- _To do_
Quote the listing below in full and exactly as written, but omit every picture.

- _Collected material_
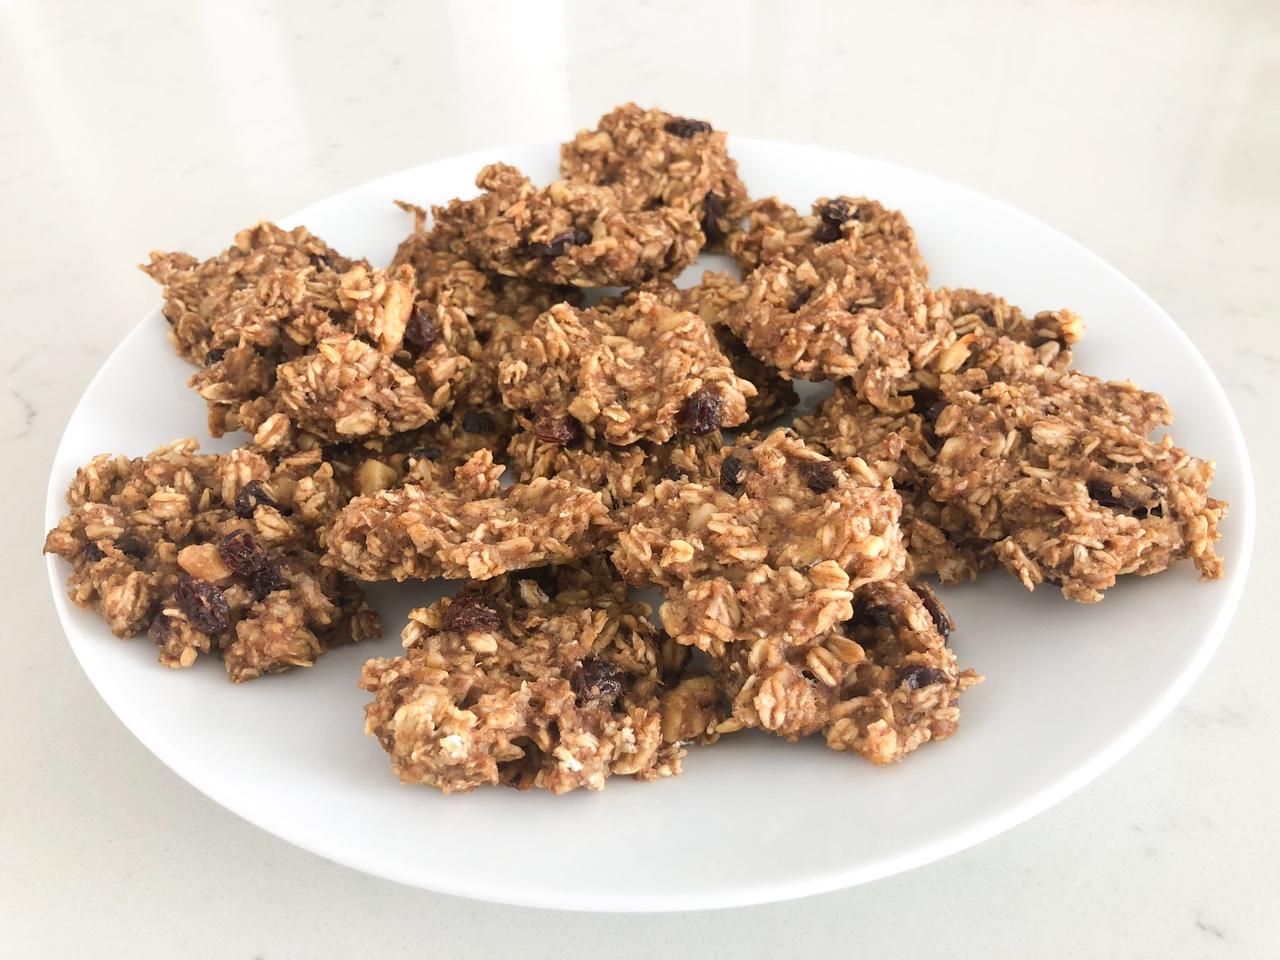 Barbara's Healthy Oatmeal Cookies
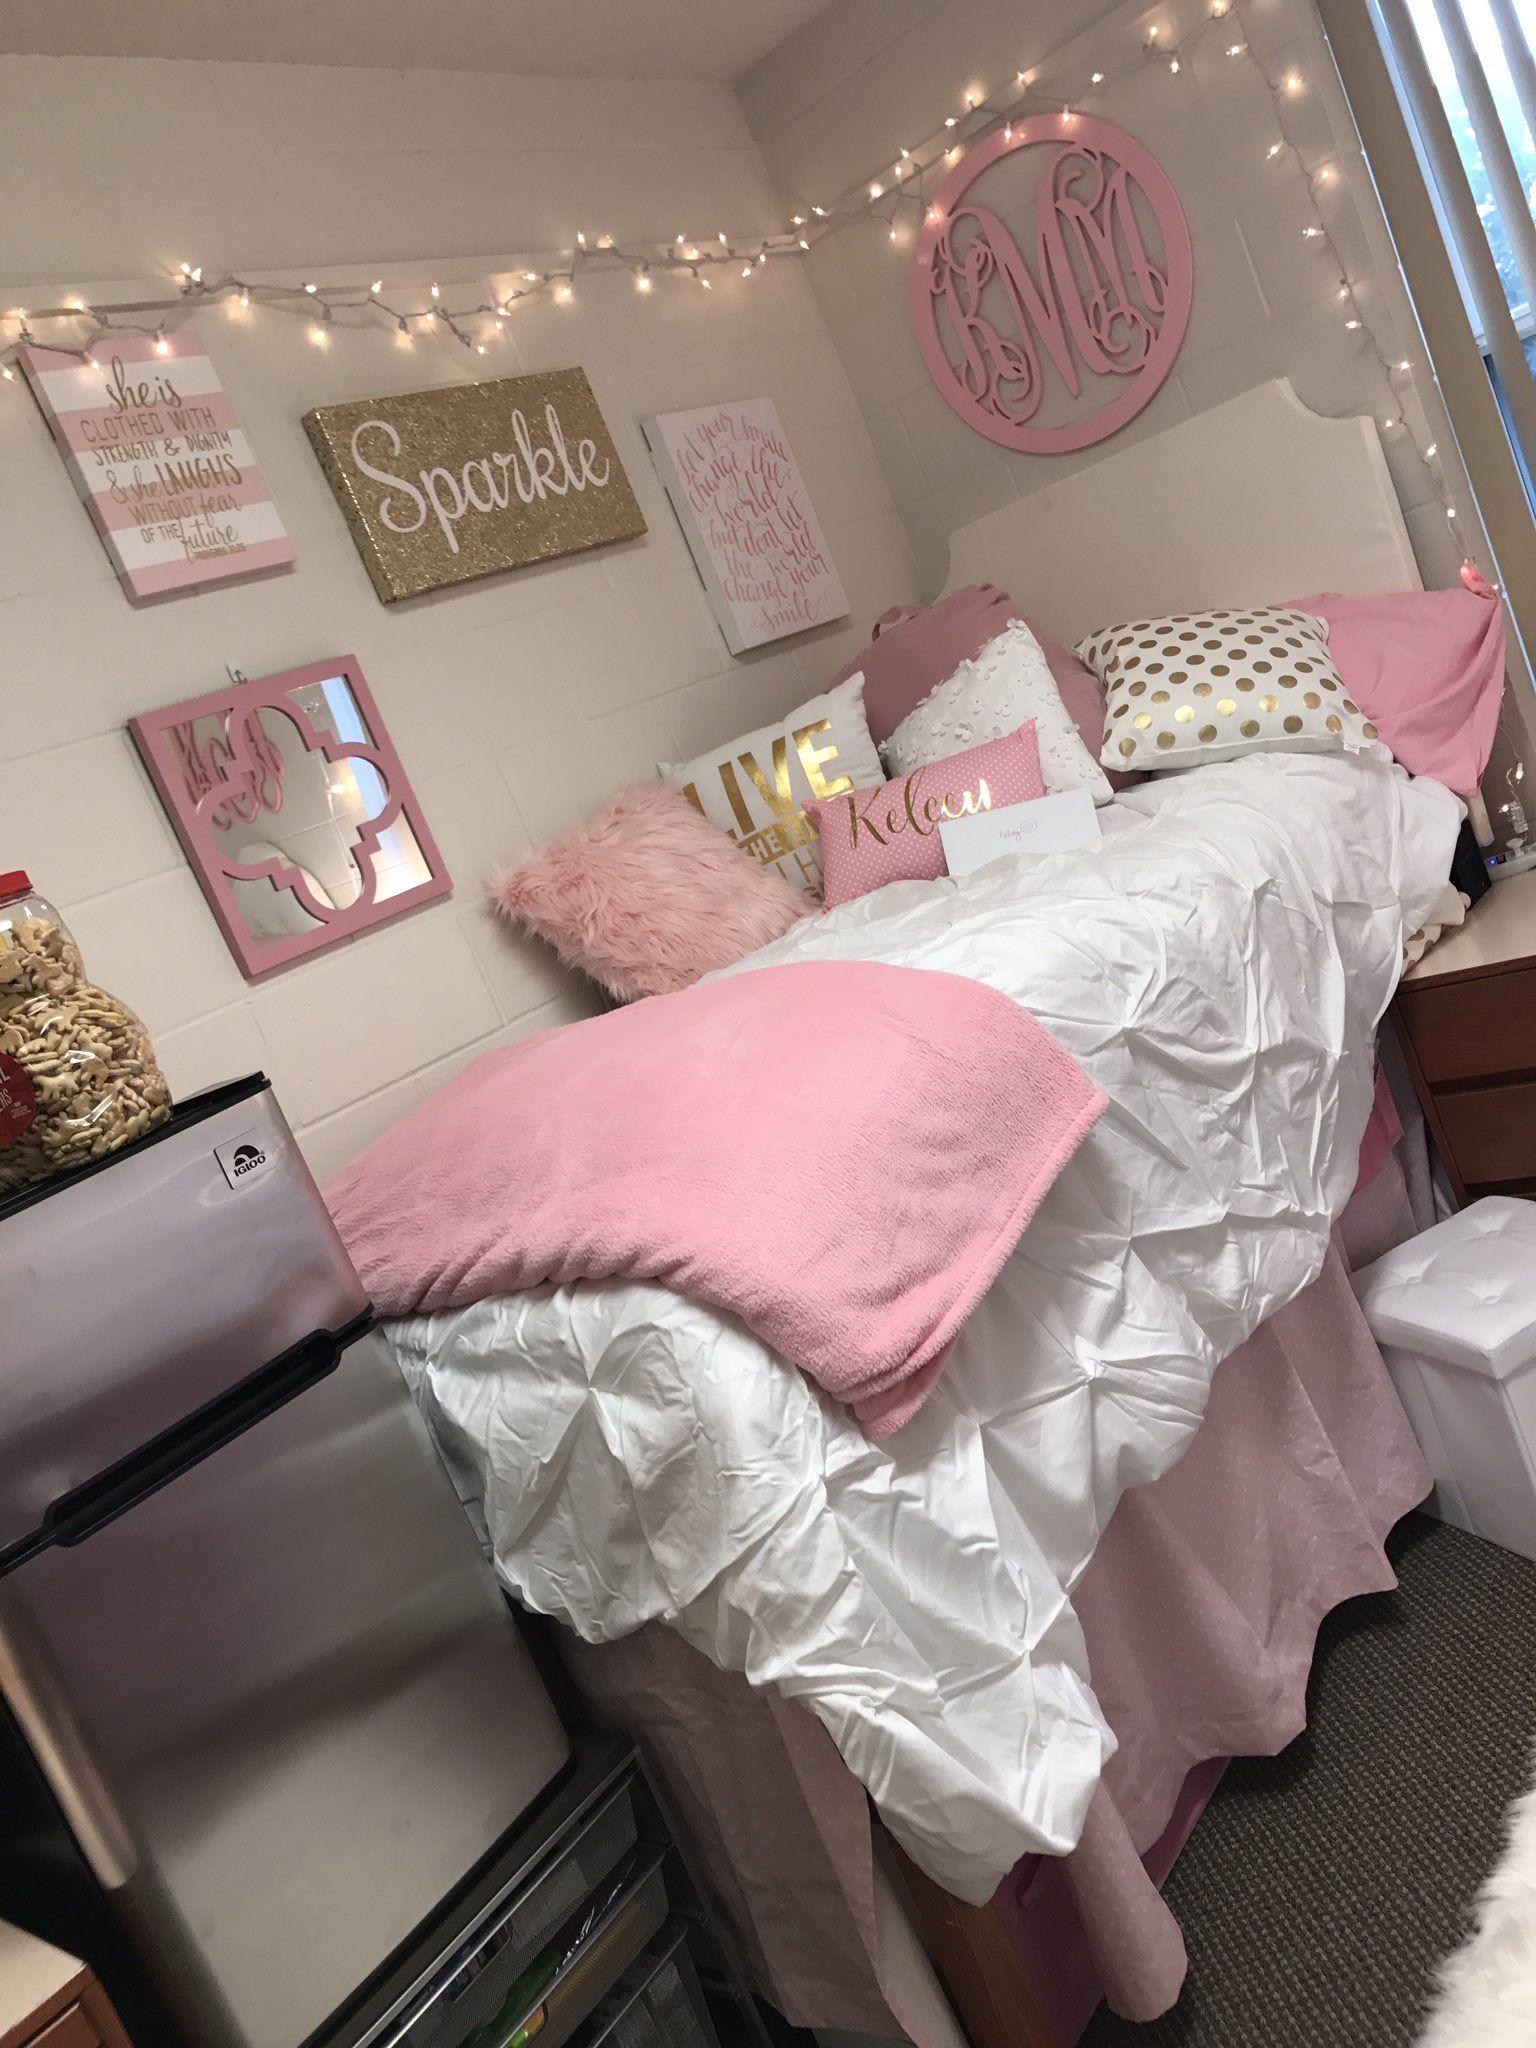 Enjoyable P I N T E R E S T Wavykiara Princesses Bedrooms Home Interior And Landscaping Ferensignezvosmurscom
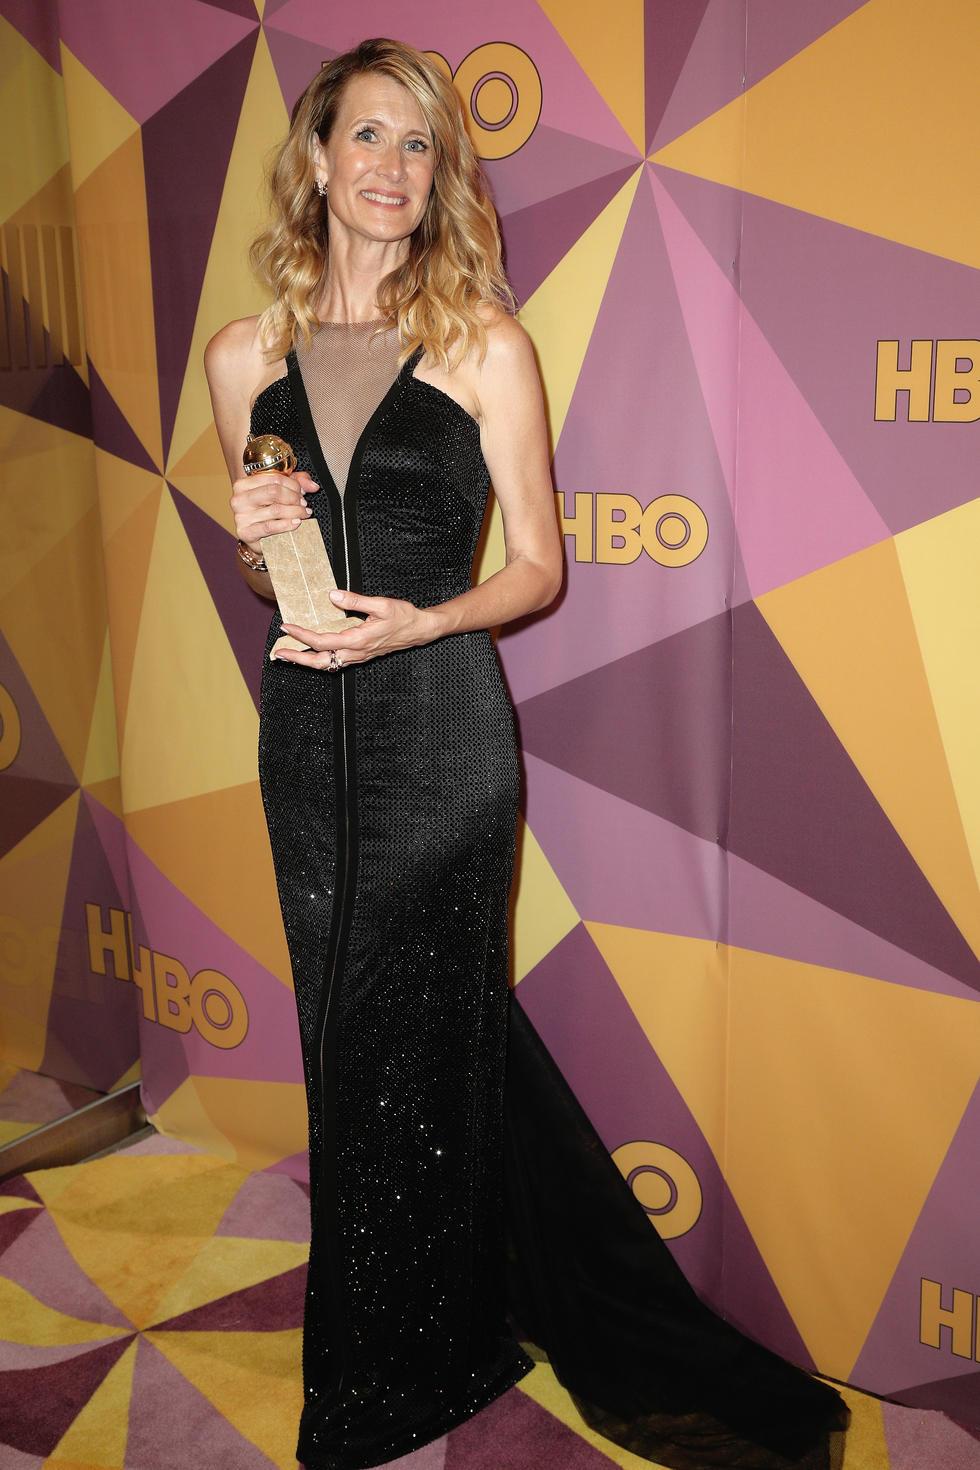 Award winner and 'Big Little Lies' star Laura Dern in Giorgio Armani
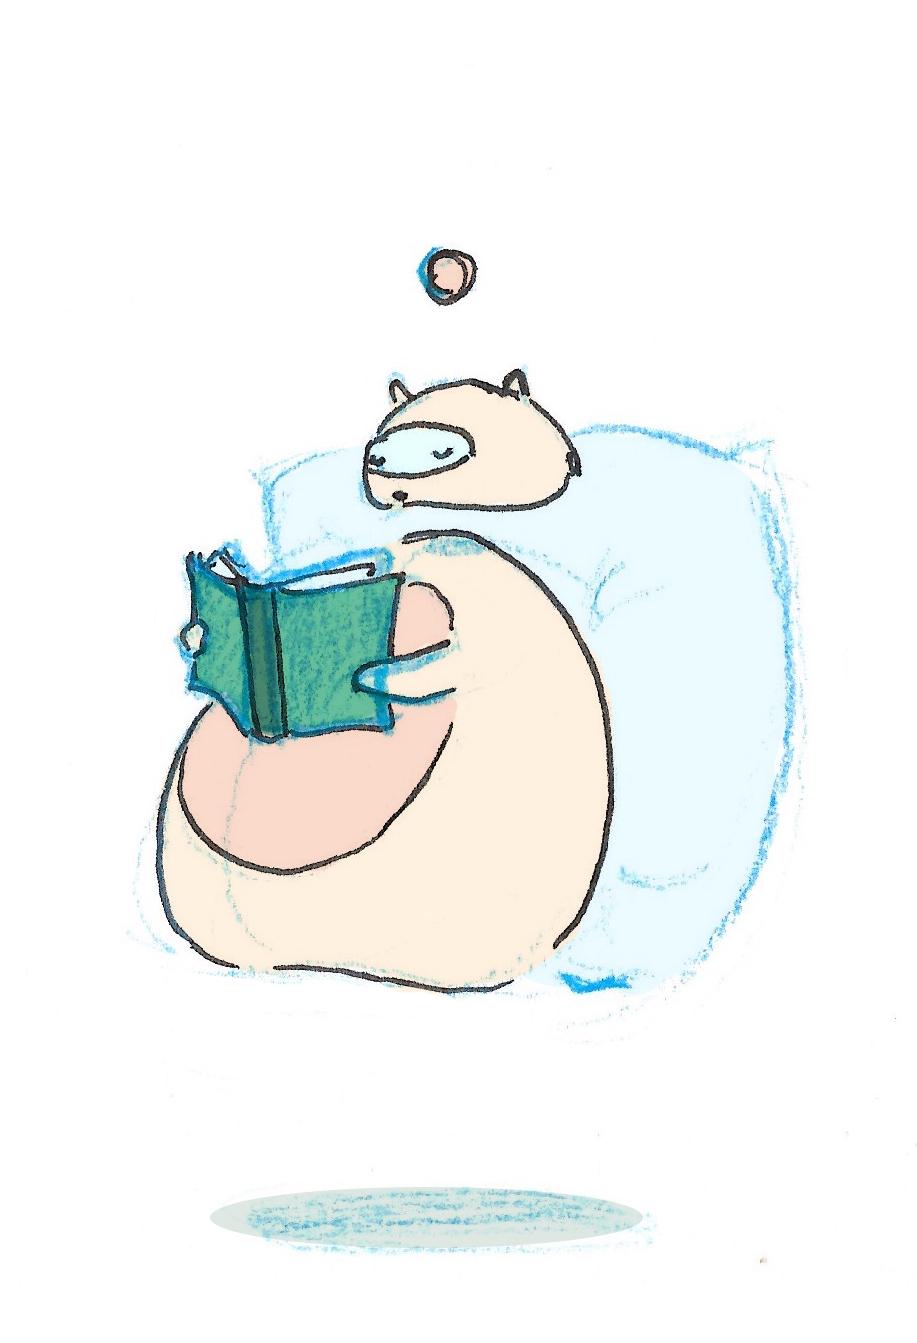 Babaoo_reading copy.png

- _Output for this task_
 Barbara's Healthy Oatmeal Cookies
 Enjoyable P I N T E R E S T Wavykiara Princesses Bedrooms Home Interior And Landscaping Ferensignezvosmurscom
 Award winner and 'Big Little Lies' star Laura Dern in Giorgio Armani
 Babaoo_reading copy.png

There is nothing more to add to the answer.